Step S12, carrying out first random disorder recognition on the sub-strings in the first character string which are segmented according to the target sub-string length and the sub-strings in the second character string which are segmented according to the target sub-string length, and obtaining a corresponding recognition result.
Specifically, the substring length may refer to the number of minimum constituent units included in the substring. For example, the substring split from the character string "I like playing video games" by the length 2 may be "I like", "like playing", "video games", or the like.
In this embodiment, the target string length is denoted by k, and the initial value of k is 1. When the first random disorder pair identification is performed, the sub-strings in the first character string and the sub-strings of the second character string can be compared, the same sub-string pair is identified as a random disorder pair, and the different sub-string pair is identified as a non-random disorder pair. In short, when the first random disorder is identified, each minimum constituent unit in the first character string is respectively compared with each minimum constituent unit in the second character string in an identical manner.

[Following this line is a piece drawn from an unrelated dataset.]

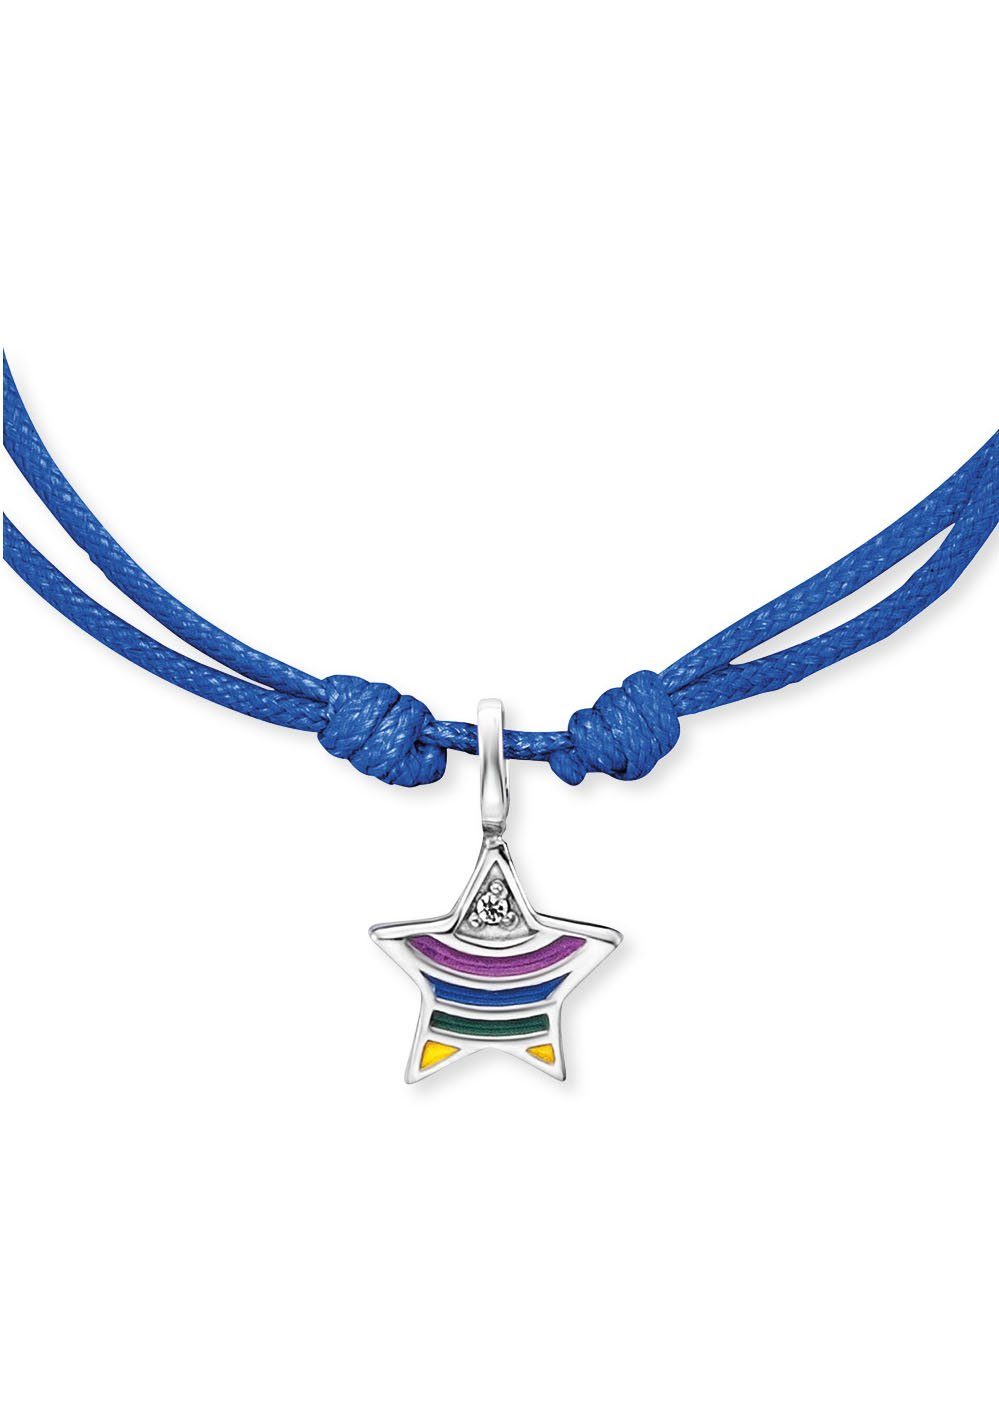 Herzengel rainbow, Stern HEB-STAR-RAINBOW, Armband mit Emaille

If the two minimum constituent units are identical, identifying the two minimum constituent units as random out-of-order pairs; if the two minimum constituent units are not identical, then the two minimum constituent units are identified as non-random out-of-order pairs.
Specifically, the recognition result may be stored by an array dp [ i ] [ j ] [ k ]. dp [ i ] [ j ] [ k ] represents a recognition result obtained by randomly recognizing, in order from left to right, a sub-string split from the i-th minimum constituent unit of the first string according to the target string length k and a sub-string split from the j-th minimum constituent unit of the second string according to the target string length k. In computer programming, the sequence numbers start at 0, so i ranges from 0 to m-1, and j ranges from 0 to n-1.m represents the length of the first string and n represents the length of the second string. In the first random out-of-order pair identification, the value of k is 1. For example, assuming that the first string is "I like playing video games" and the second string is "video games playing I like", in the first random out-of-order pair identification, the following identification result may be obtained:
dp[0][0][1]=0,dp[0][1][1]=0,dp[0][2][1]=0,dp[0][3][1]=1,
……
dp[1][0][1]=0,dp[1][1][1]=0,dp[1][2][1]=0,dp[1][3][1]=0,
……
dp[4][4][1]=0
in the above examples, 0 represents a non-random pair of disorder and 1 represents a random pair of disorder. Such as:
dp [0] [0] [1] =0 means that the sub-string (i.e. I) segmented according to the target string length 1 from the 0 th minimum constituent unit of the first string and the sub-string (i.e. video) segmented according to the target string length 1 from the 0 th minimum constituent unit of the second string are subjected to random disorder pair identification, and then the identification result is that the two sub-strings (i.e. I and video) are subjected to non-random disorder pair identification;
dp [0] [3] [1] =1 represents that the sub-string (i.e., I) to be split according to the target string length 1 from the 0 th minimum constituent unit of the first string and the sub-string (i.e., I) to be split according to the target string length 1 from the 3 rd minimum constituent unit of the second string are randomly disordered pair-recognized, and the recognition result is that the two sub-strings (i.e., I and I) are randomly disordered pairs.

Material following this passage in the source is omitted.